Oxide & Dnny Pang, 2007, USA

Diverting but ultimately mediocre haunted farmhouse blending of American and Japanese horror by the Pang brothers. Like their former supernatural scarer "The Eye", the Pang execute some decent atmosphere and spooky moments, all with visual panache, but similarly it progresses into a car crash of logic and dramatics. White-faced, jittery digital effects ghosts and sunflowers make for an odd combination, but you can’t completely fail with the scary sound of someone running around upstairs when you know you’re alone, or something ominous in the basement. There is a nicely staged bird attack, but this too ultimately is all show and no point. Perhaps the creepiest and subtlest detail are the claw marks leading to the cellar door… which strangely nobody notices.

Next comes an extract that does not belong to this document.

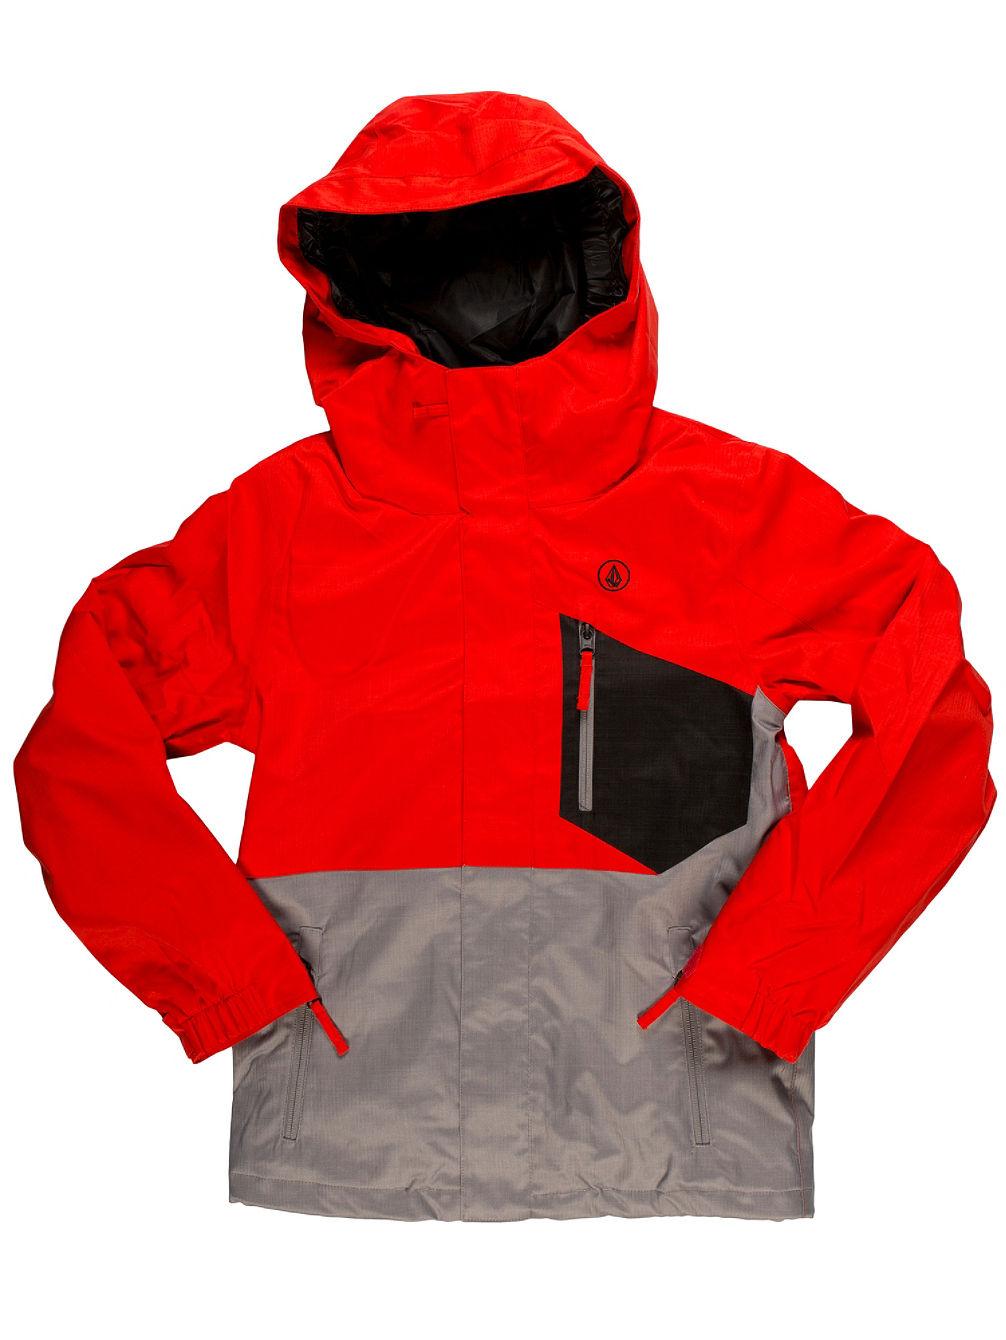 5df55468581e Buy Volcom Elias Ins Jacket online at blue-tomato.com

Not knowing what to do with the end, it falls back on the demonic murderous father-figure rampage. A flip is switched and there he goes, just to trigger some ending of some kind. Which immediately makes the prologue a cheat: in the showdown, our rampager spouts the usual psycho-on-the-loose platitudes about women being bad girls and not doing what they’re told, and so on - but in order for the prologue to achieve ambiguity, he did not behave that way at all when we first experienced him going berserk. Not one psychotic word. Trying to make sense of this final revelation makes the ghosts that particularly confused brand who seem to be trying to send a warning to the new house owners by attacking them and scaring them to death. Japanese ghosts in particular are vengeful and confused manifestations - they often behave this way - but sending such a mixed message doesn’t help with internal logic here. As with "The Eye", it is this somewhat disastrous last act that sabotages any goodwill earned in the set-up.